» **REQUIREMENT**
Output every line of the material exactly, omitting images.

» **COLLECTED DATA**
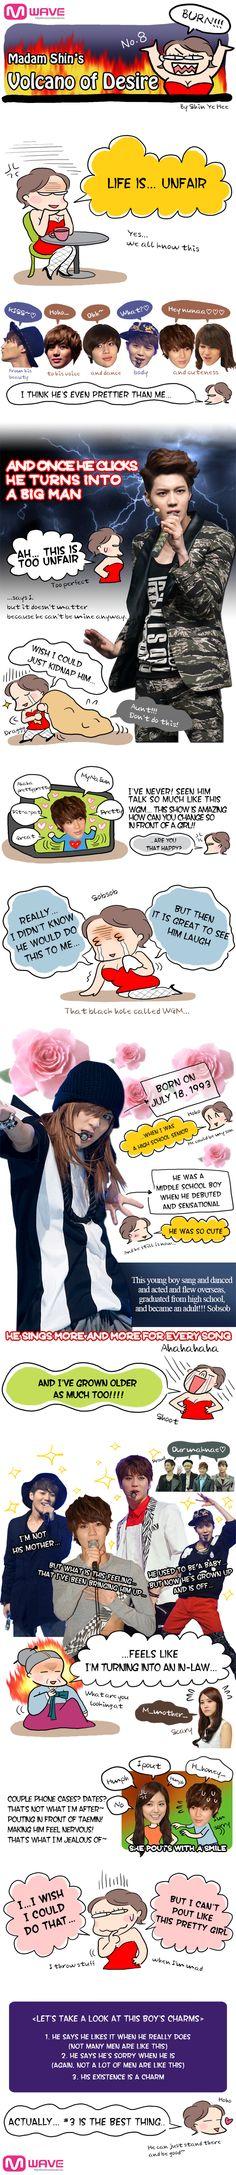 http://mwave.interest.me/mcartoon/view.m?seq=8 Madam Shin's Volcano of Desire - TaeMin | Mwave Hilarious comic expressing an admiration to the maknae
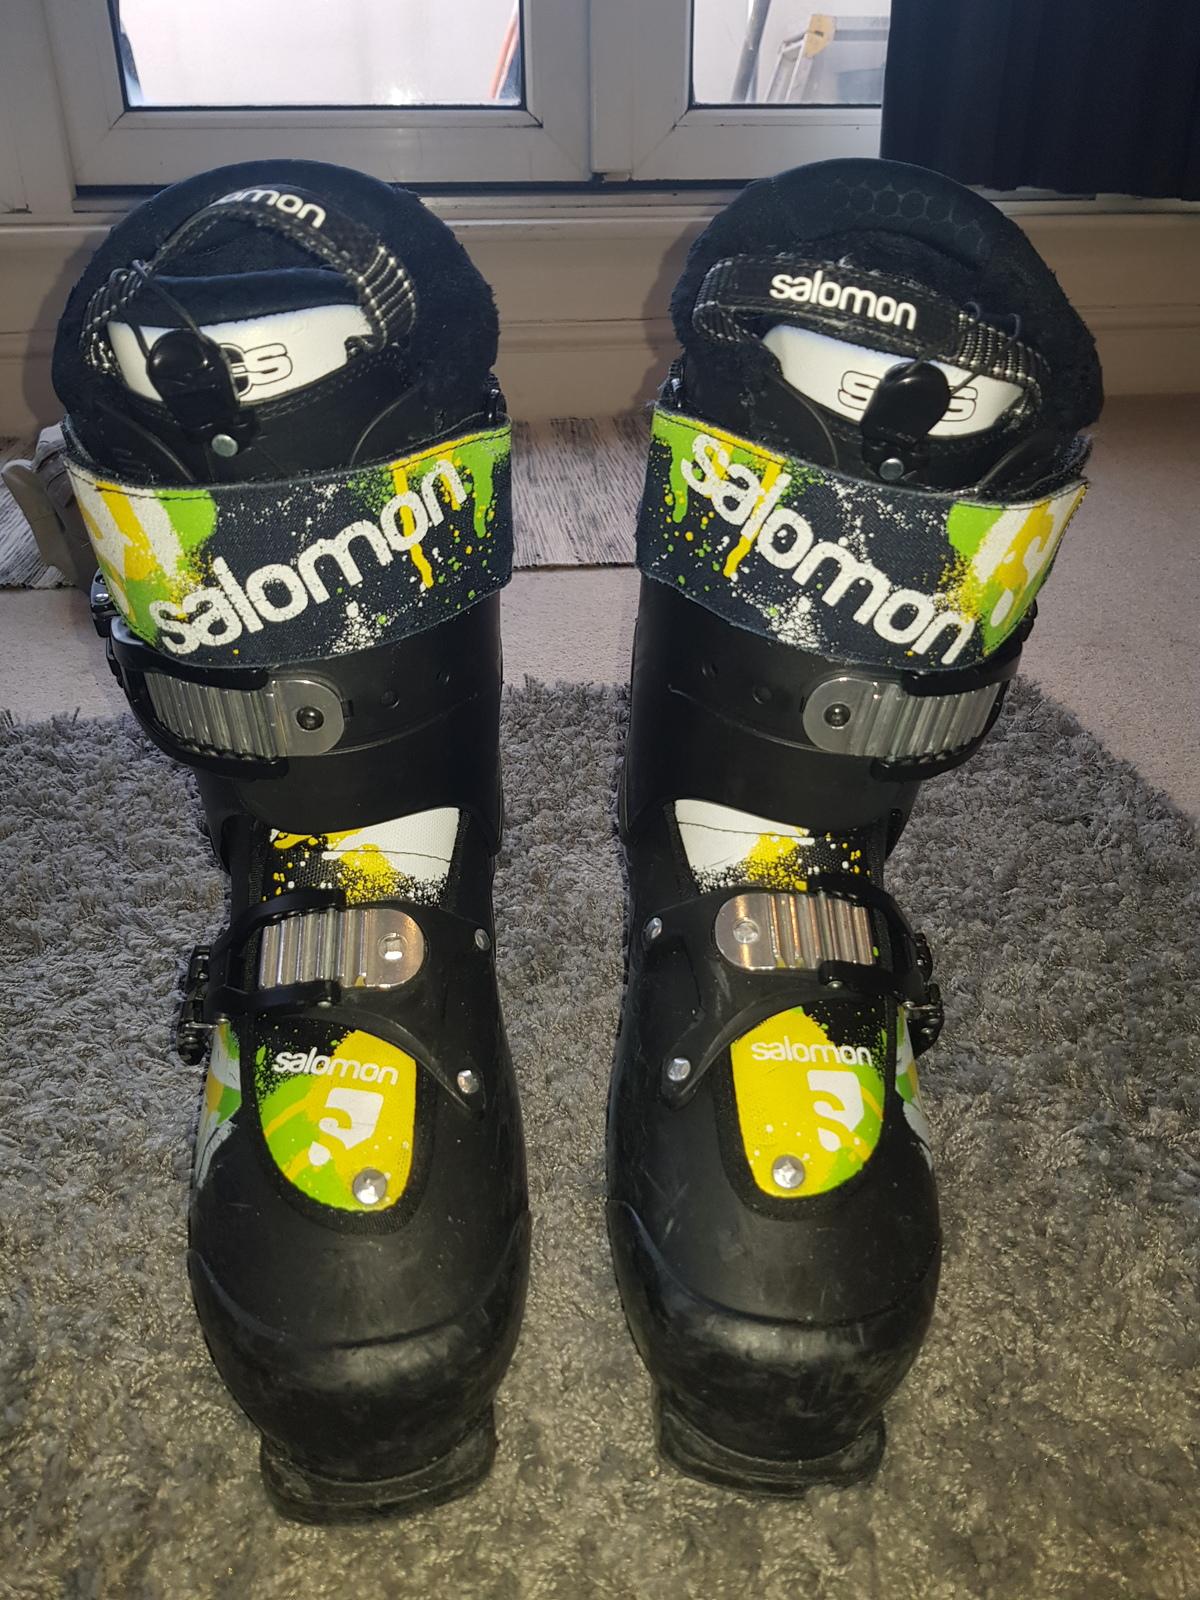 Salomon SPK85 27.5 freestyle boots
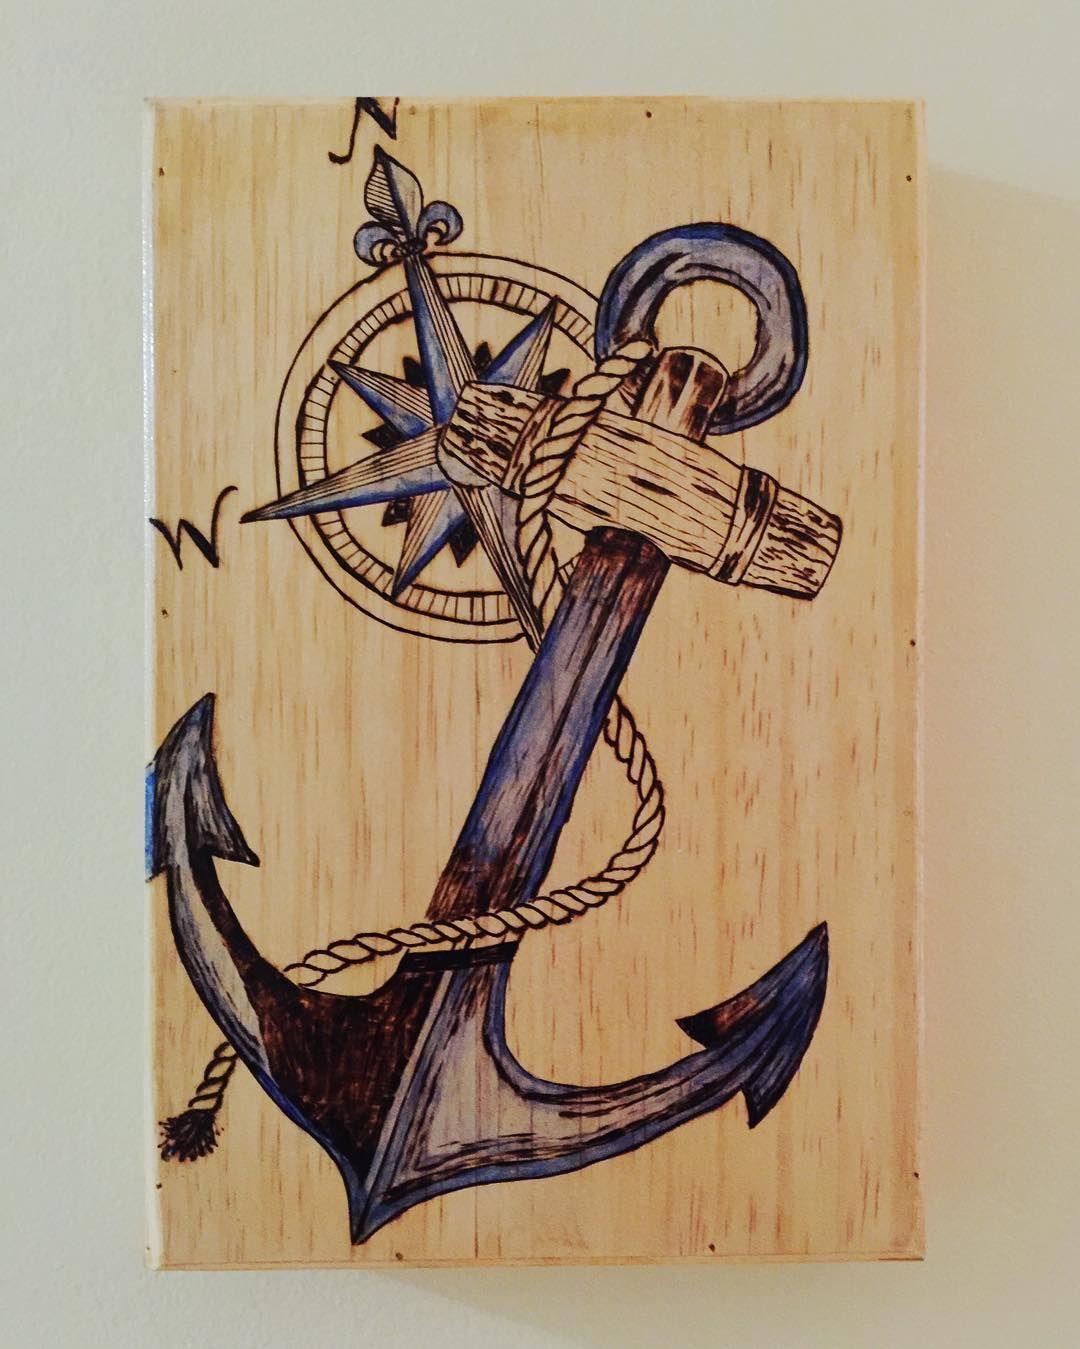 Jennyannecustoms Etsy Woodburning Pyrography Anchor Compass Nautical Wood Burning Patterns Stencil Wood Burning Art Wood Burning Crafts
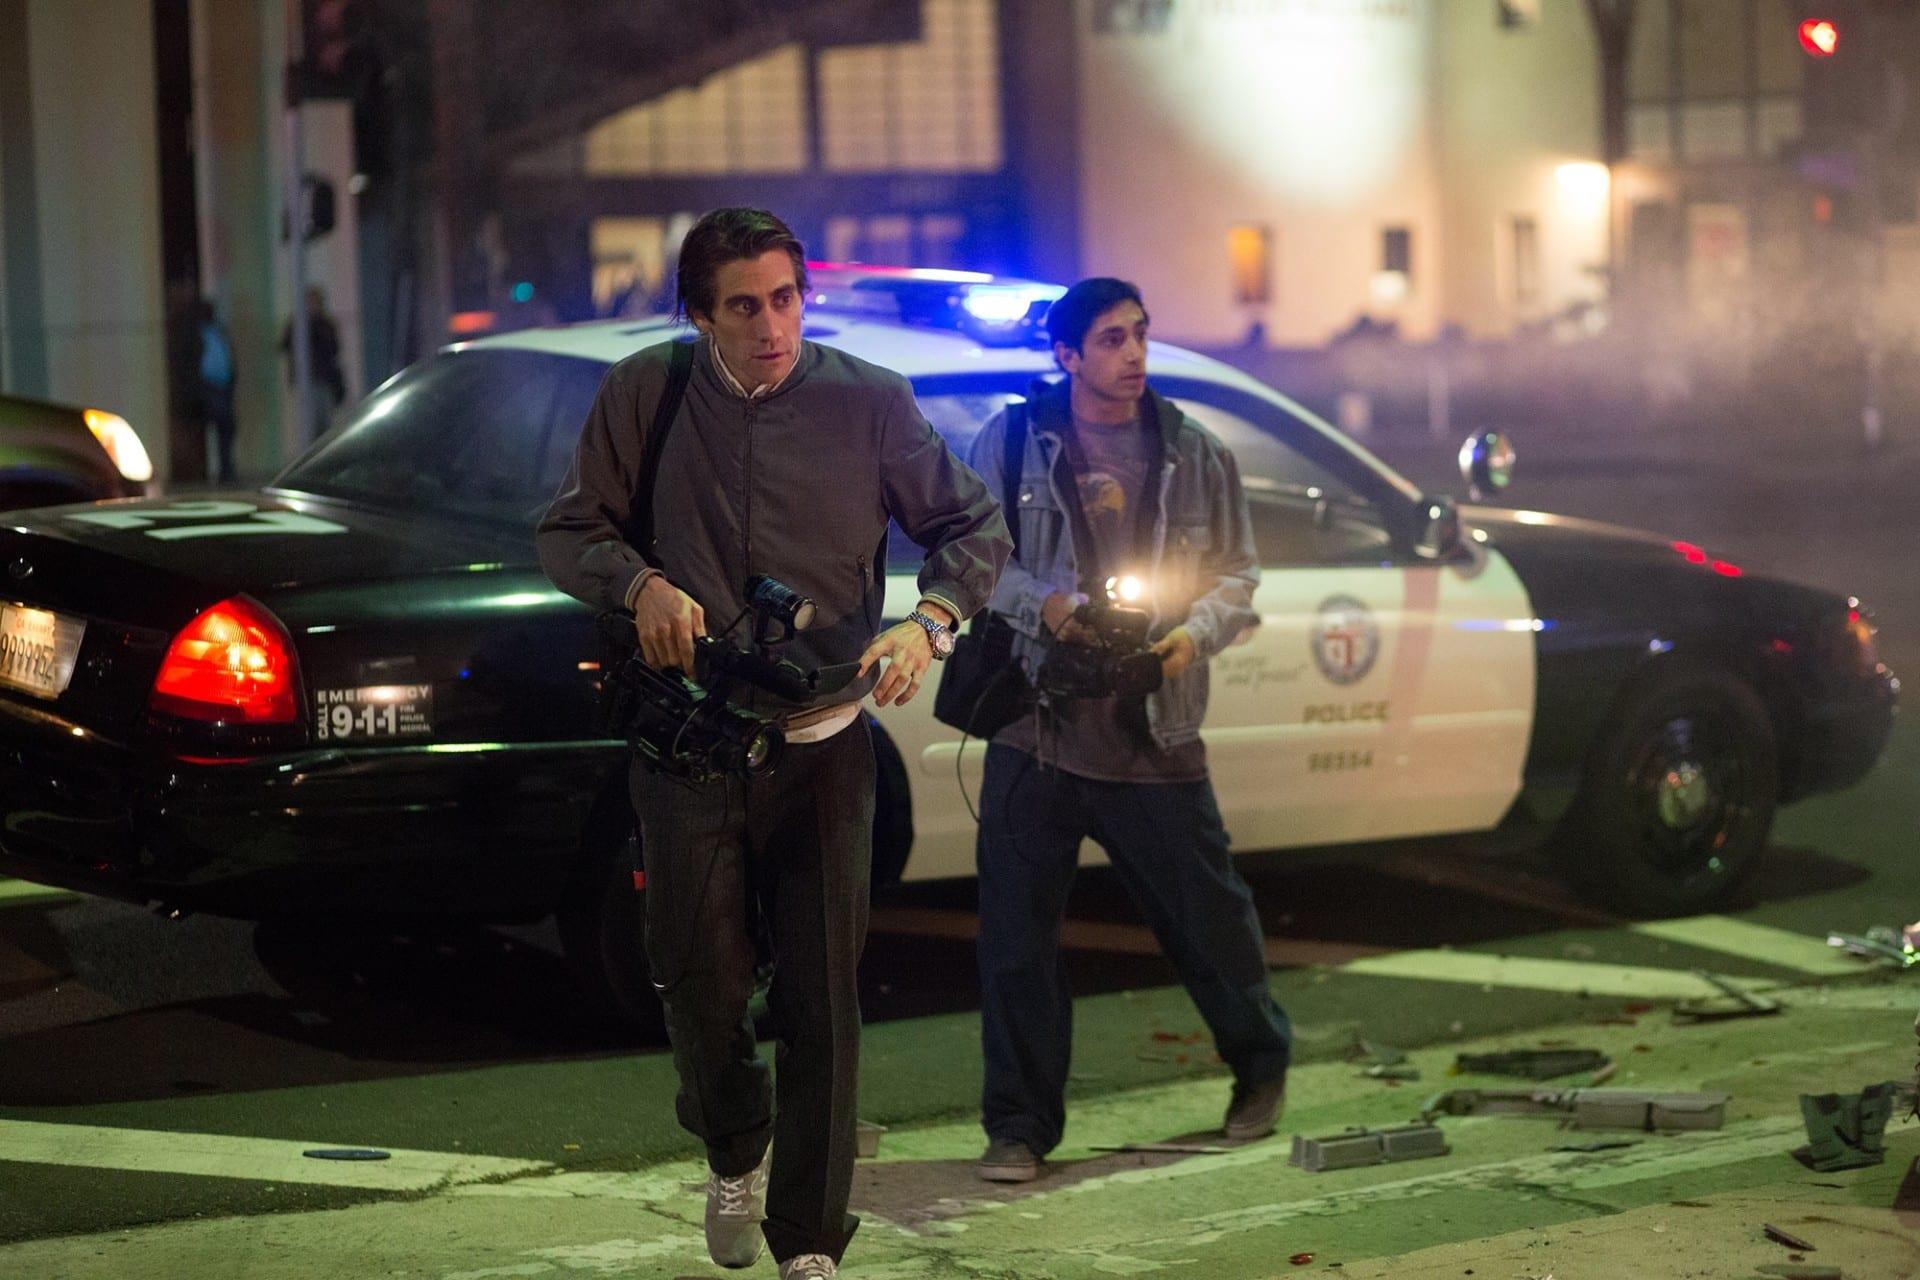 Toronto International Film Festival 2014: Dan Gilroy's Nightcrawler

» **SOLUTION FOR THIS TASK**
 http://mwave.interest.me/mcartoon/view.m?seq=8 Madam Shin's Volcano of Desire - TaeMin | Mwave Hilarious comic expressing an admiration to the maknae
 Salomon SPK85 27.5 freestyle boots
 Jennyannecustoms Etsy Woodburning Pyrography Anchor Compass Nautical Wood Burning Patterns Stencil Wood Burning Art Wood Burning Crafts
 Toronto International Film Festival 2014: Dan Gilroy's Nightcrawler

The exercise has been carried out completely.